Interview with Ranko Radovanović, leader of the Air Traffic Controllers Union, on the mobilization in Serbia

The repressive and neoliberal regime of Serbian President Vučić, leader of the Serbian Progressive Party (SNS) which has been in power in Serbia since 2012, has been shaken since November 1, 2024.

The railways, which had been operating smoothly since the 1960s, entered a process of “modernization” under Vučić’s rule. The most serious consequence of this neoliberal transformation of the railways into high-speed trains was the accident that occurred at the Novi Sad train station on November 1, 2024. Following this tragic event, which claimed the lives of 14 people, including a child, the mobilization that began in Novi Sad spread throughout the country and, over the course of more than a year, has continued to grow stronger, led by young people, rather than fading away.

The ongoing mobilization in Serbia against the regime’s neoliberal policies and repressive practices is significant in several respects. Firstly, unlike previous mobilizations in Eastern Europe, this one did not become an example that could be poisoned by the European Union’s democratic reactionary policies. The European Union stood by Vučić, an open supporter of Putin. The European press did not show sufficient interest in these mobilizations for a long time. As a result, Brussels offered Vučić political support. All of this went hand in hand with the European Union’s policies of keeping migrants outside its borders and preventing Chinese investments from entering Europe. The mobilization of the Serbian people indicates that the EU is not a solution to anti-democratic practices but rather one of the problems.
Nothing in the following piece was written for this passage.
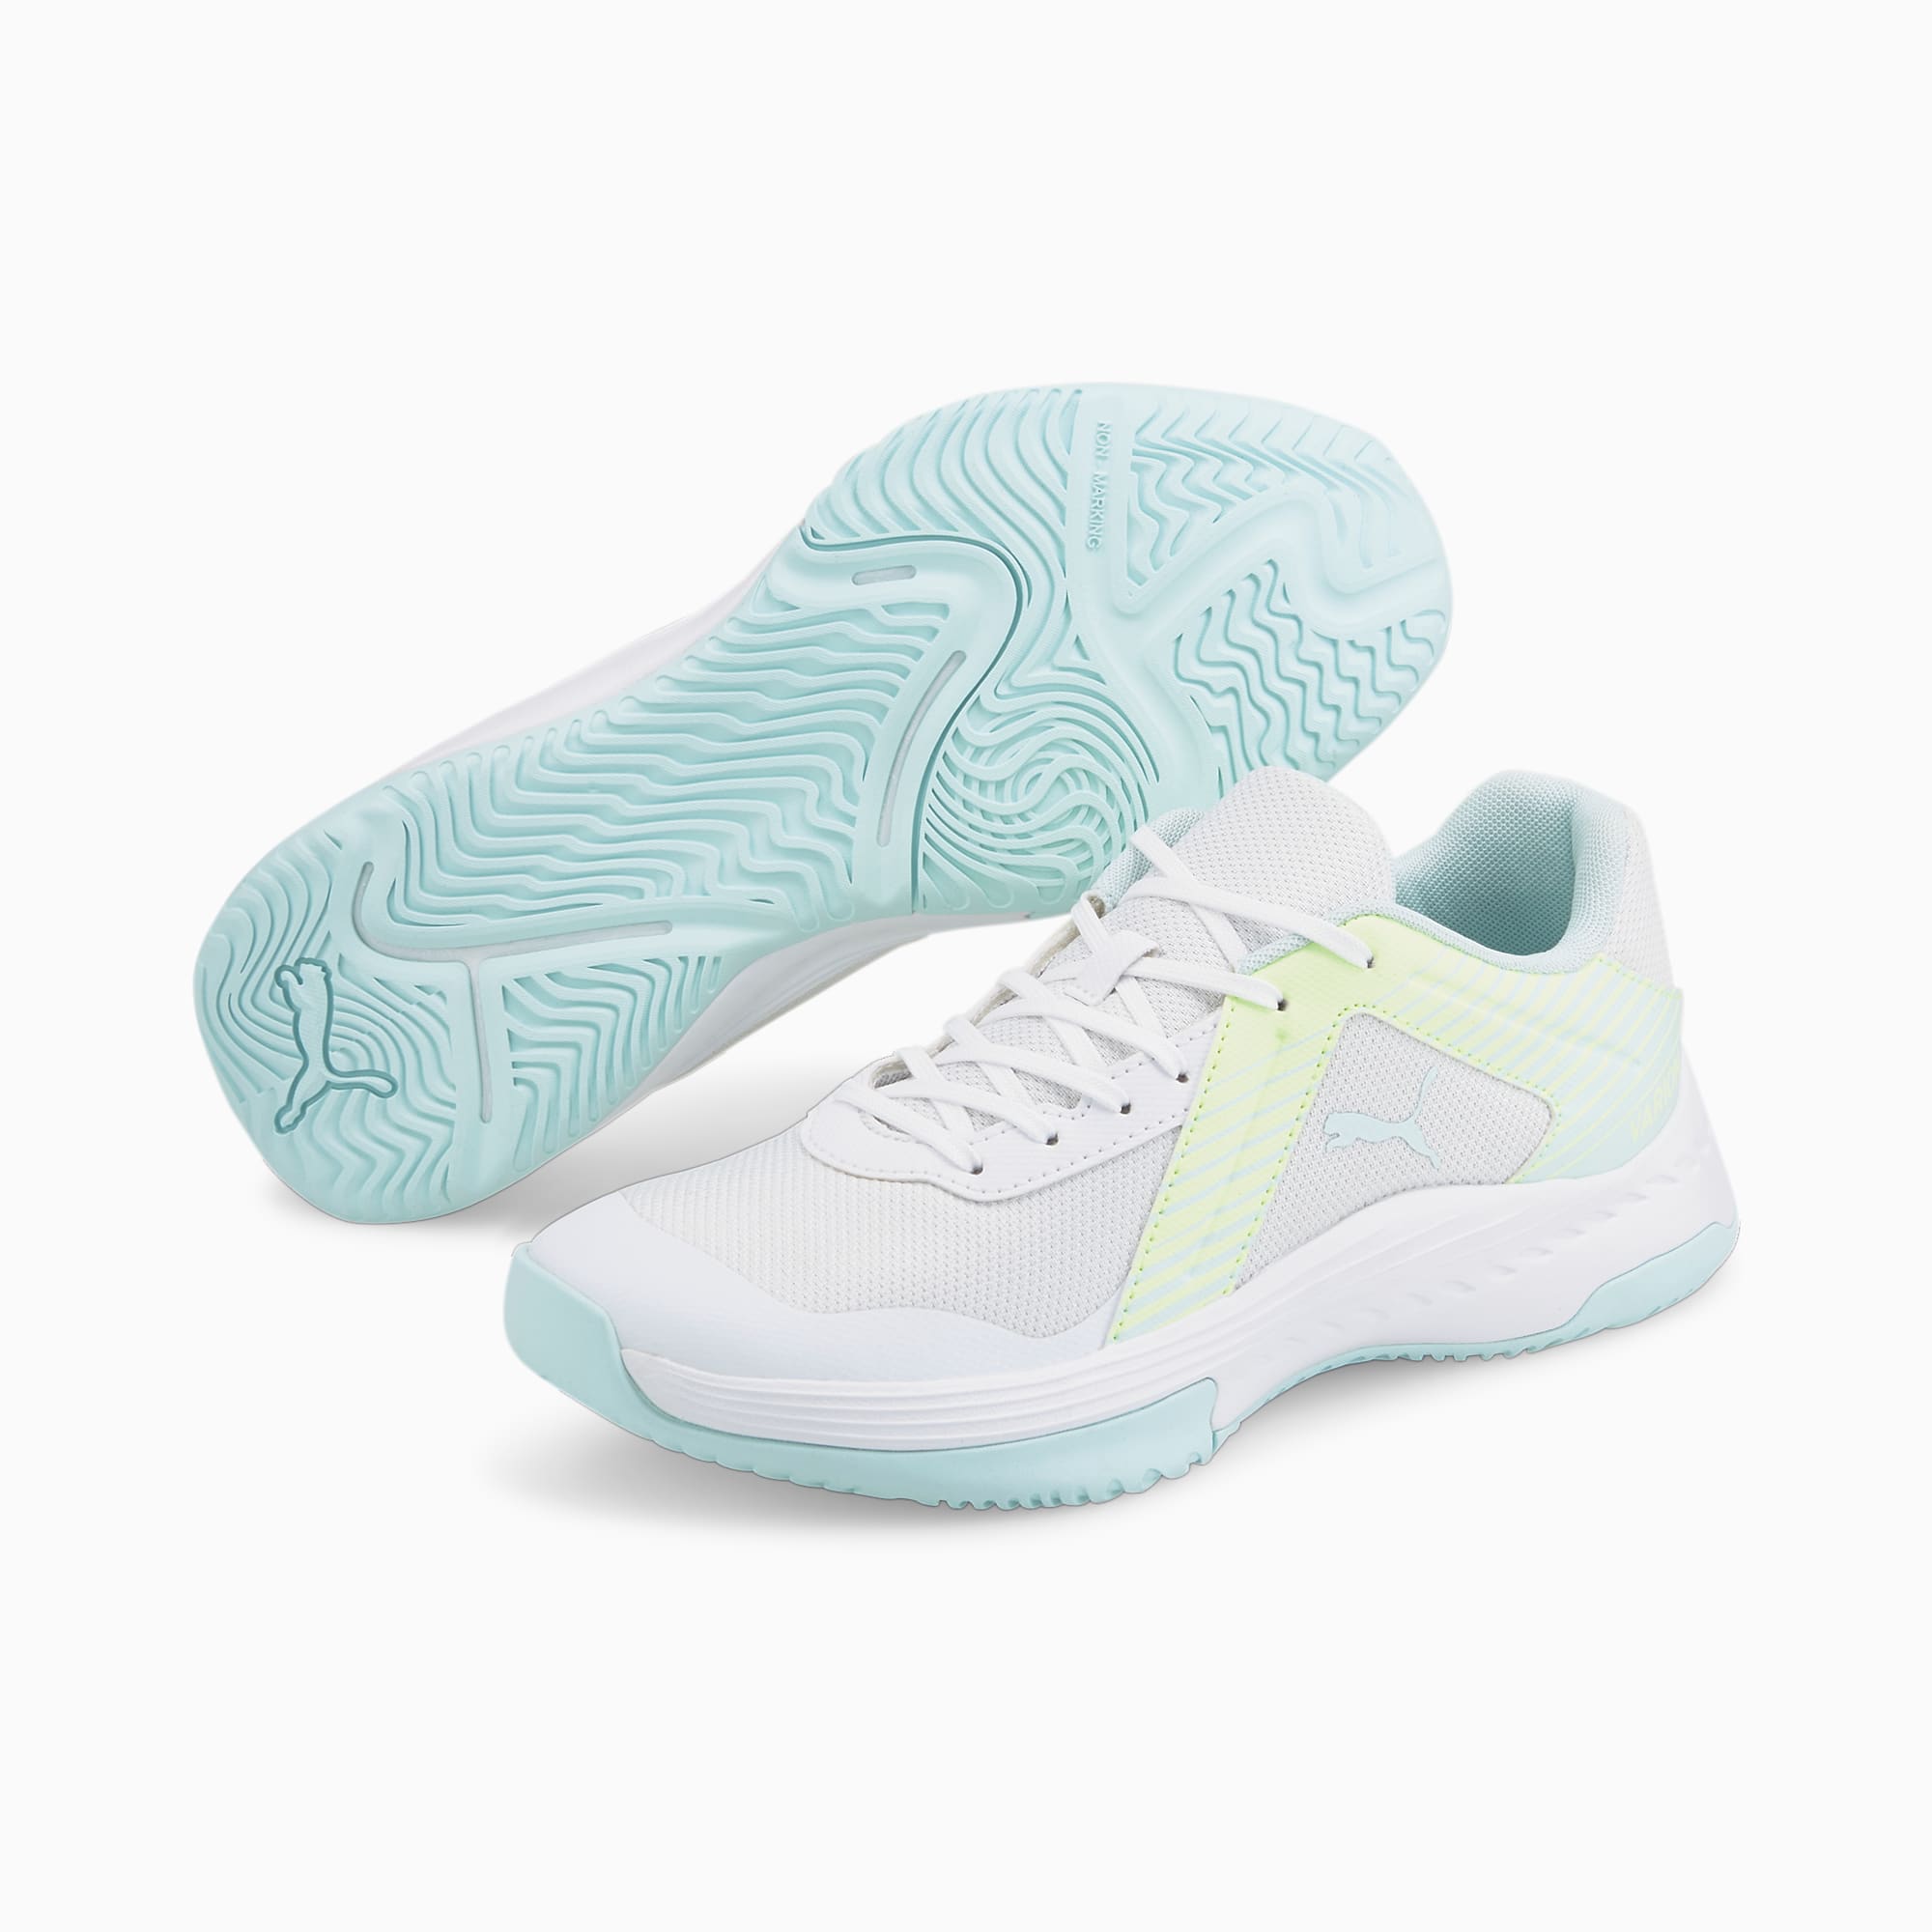 Women's PUMA Varion Indoor Sports Shoe Sneakers, White/Nitro Blue/Fizzy Light, Size 35,5, Shoes
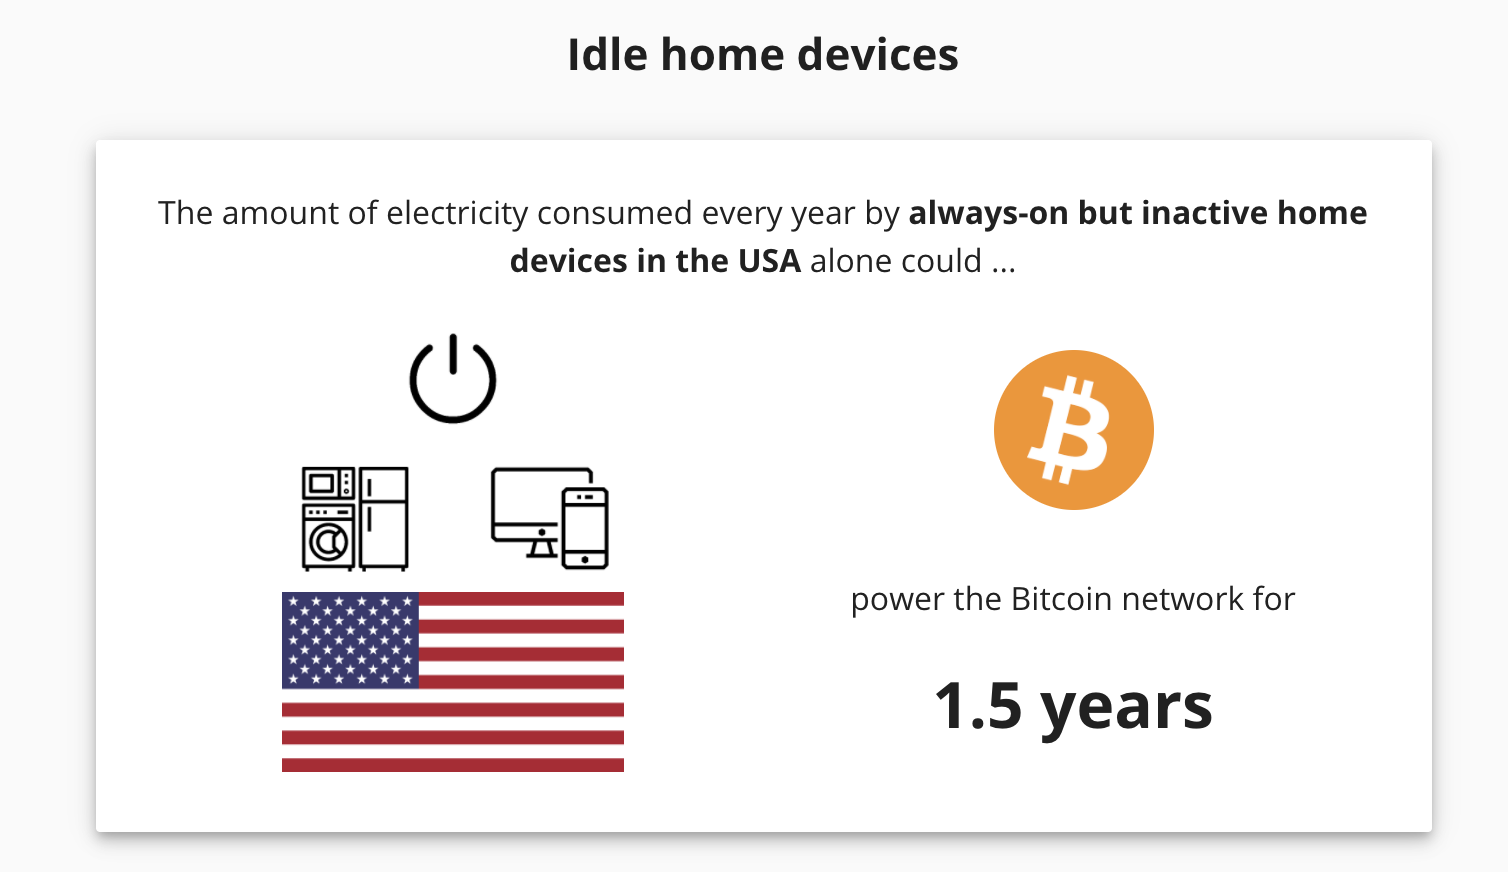 Idle devices can power bitcoin

The example of Serbia, on the other hand, is one that shatters the illusion of a resistance axis of China-Russia against the US-EU powers. The latest example of this is: Vučić, Putin’s strongest supporter, passed a legislative amendment allowing Trump’s son-in-law to lease the land of the former Yugoslav General Staff Headquarters in Belgrade to build a hotel and open it to tourism. The land was damaged by NATO bombing in 1999 and had been preserved as a cultural heritage site for 99 years to reveal NATO’s true face. This law was also protested by thousands of people on November 11.

In addition to the power of mobilization, the Vučić administration continues to show off its strength and strive to stay afloat with the support of the US, the EU and Russia. In addition to the tents set up in front of the parliament by Vučić’s supporters, a military parade was held in Belgrade on September 20 to intimidate the masses, involving approximately 10,000 military personnel, 2,500 weapons and military equipment, and both land and air forces.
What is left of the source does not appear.